Yang berpendapat demikian adalah Atho` bin Abi Rabah, Al-Auza`i, Abu Tsaur, Ibnu Khuzaemah, Ibnu Hibban, dan umumnya ulama Hanafiyah dan mazhab Hanabilah.
Dalilnya adalah hadis berikut:
Dari Abi Hurairah ra, bahwa Rasulullah SAW bersabda, “Sesungguhnya shalat yang paling berat buat orang munafik adalah shalat Isya dan Shubuh. Seandainya mereka tahu apa yang akan mereka dapat dari kedua shalat itu, pastilah mereka akan mendatanginya meski dengan merangkak. Sungguh aku punya keinginan untuk memerintahkan shalat dan didirikan, lalu aku memerintahkan satu orang untuk jadi imam. Kemudian pergi bersamaku dengan beberapa orang membawa seikat kayu bakar menuju ke suatu kaum yang tidak ikut menghadiri shalat dan aku bakar rumah-rumah mereka dengan api.” (HR Bukhari & Muslim).

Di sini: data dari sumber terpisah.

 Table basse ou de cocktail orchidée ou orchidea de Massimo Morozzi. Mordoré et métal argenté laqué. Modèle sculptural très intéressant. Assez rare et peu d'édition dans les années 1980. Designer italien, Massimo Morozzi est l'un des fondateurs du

Dari hadis yang sama, beberapa ulama berpendapat bahwa hukum sembahyang fardhu berjamaah adalah syarat sahnya shalat. Dengan kata lain, shalat fardhu lima waktu itu tidak sah kalau tidak dikerjakan dengan berjamaah.
Yang berpendapat seperti itu, antara lain, adalah Ibnu Taymiyah dan muridnya, Ibnul Qayyim. Juga, Ibnu Aqil dan Ibnu Abi Musa serta mazhab Zhahiriyah memiliki pendapat serupa. Termasuk di antaranya adalah para ahli hadits, Abul Hasan At-Tamimi, Abu Al-Barakat dari kalangan Al-Hanabilah serta Ibnu Khuzaemah.

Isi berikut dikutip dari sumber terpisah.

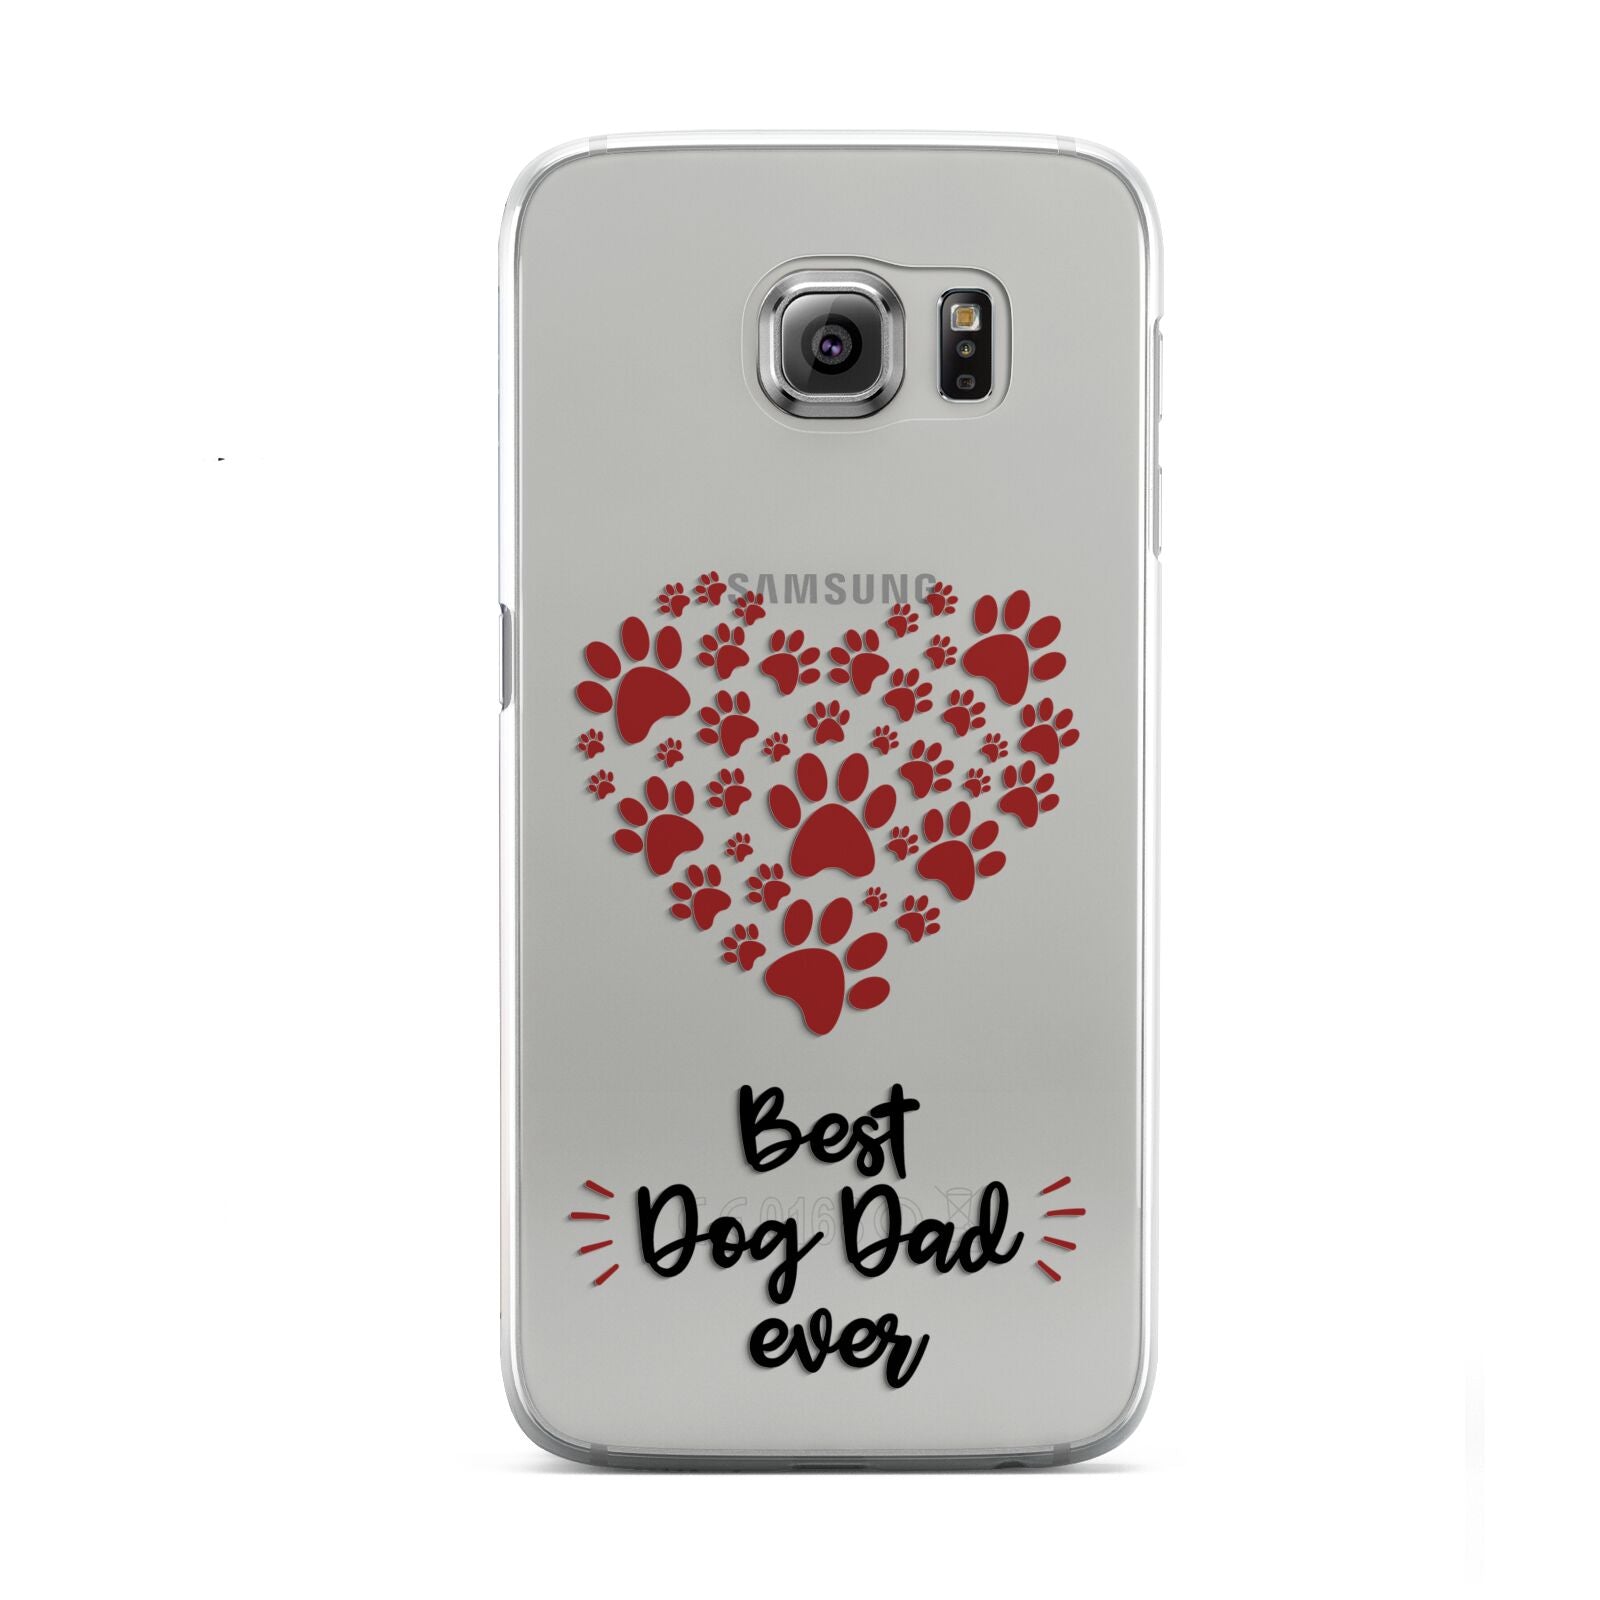 Best Dog Dad Paws Samsung Galaxy S6 Case

Meskipun demikian, jumhur ulama berpendapat bahwa shalat berjamaah lima waktu itu hukumnya adalah Fardhu Kifayah. Artinya, peristiwa shalat fardhu lima waktu berjamaah hanya berlaku secara keterwakilan dalam suatu distrik atau daerah.
Selebihnya, mereka yang berhalangan untuk mengikuti shalat berjamaah tidak akan terkena dosa. Keterangan ini merujuk pada Imam Syafi`i dan Imam Abu Hanifah, seperti yang disebutkan oleh Ibnu Habirah dalam Al-Ifshah.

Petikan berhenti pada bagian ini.